> We use terms like think and want to describe processes that are clearly not involve any form of understanding.
...and that's why so many people are confused about what's going on with LLMs: sloppy, ambiguous use of language.
> In the Karpathy video I mentioned he talks about how researches found that models did have an internal representation of not knowing, but that the fine tuning was restricting it to providing answers. Giving it fine-tuning examples where it said "I don't know" for information that they knew the model didn't know.
This is why I included the HTTP example: this is simply telling it to parrot the phrase "I don't know"--it doesn't understand that it doesn't know. From the LLM's perpective, it "knows" that the answer is "I don't know". It's returning a 200 OK that says "I don't know" rather than returning a 404.
Do you understand the distinction I'm making here?
> I would agree that models do not have any in-depth understanding of what lack of knowledge actually is. On the other hand I would also think that this also applies to humans, most people are not philosophers.
The average (non-programmer) human, when asked to write a "Hello, world" program, can definitely say they don't know how to program. And unlike the LLM, the human knows that this is different from answering the question. The LLM, in contrast thinks it is answering the question when it says "I don't know"--it thinks "I don't know" is the correct answer.

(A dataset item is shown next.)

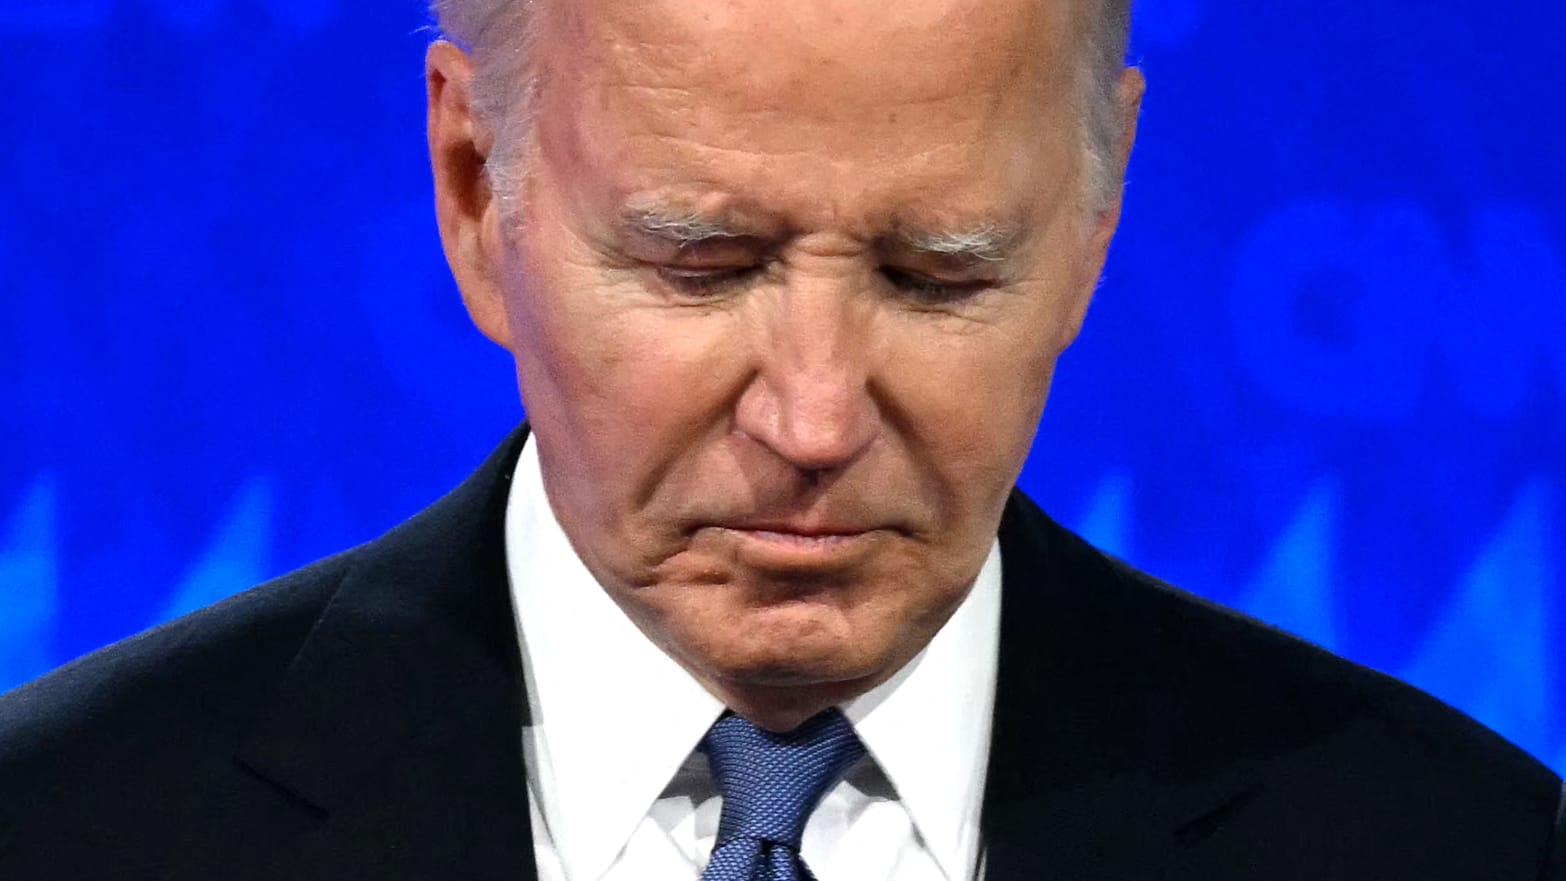 U.S. President Joe Biden looks down as he participates in the first presidential debate

Put another way, a human can distinguish between responses to these two questions, whereas an LLM can't:
1. What is my grandmother's maiden name?
2. What is the English translation of the Spanish phrase, "No sé."?
In the first question, you don't know the answer unless you are quite creepy; in the second case you do (or can find out easily). But the LLM tuned to answer I don't know thinks it knows the answer in both cases, and thinks the answer is the same.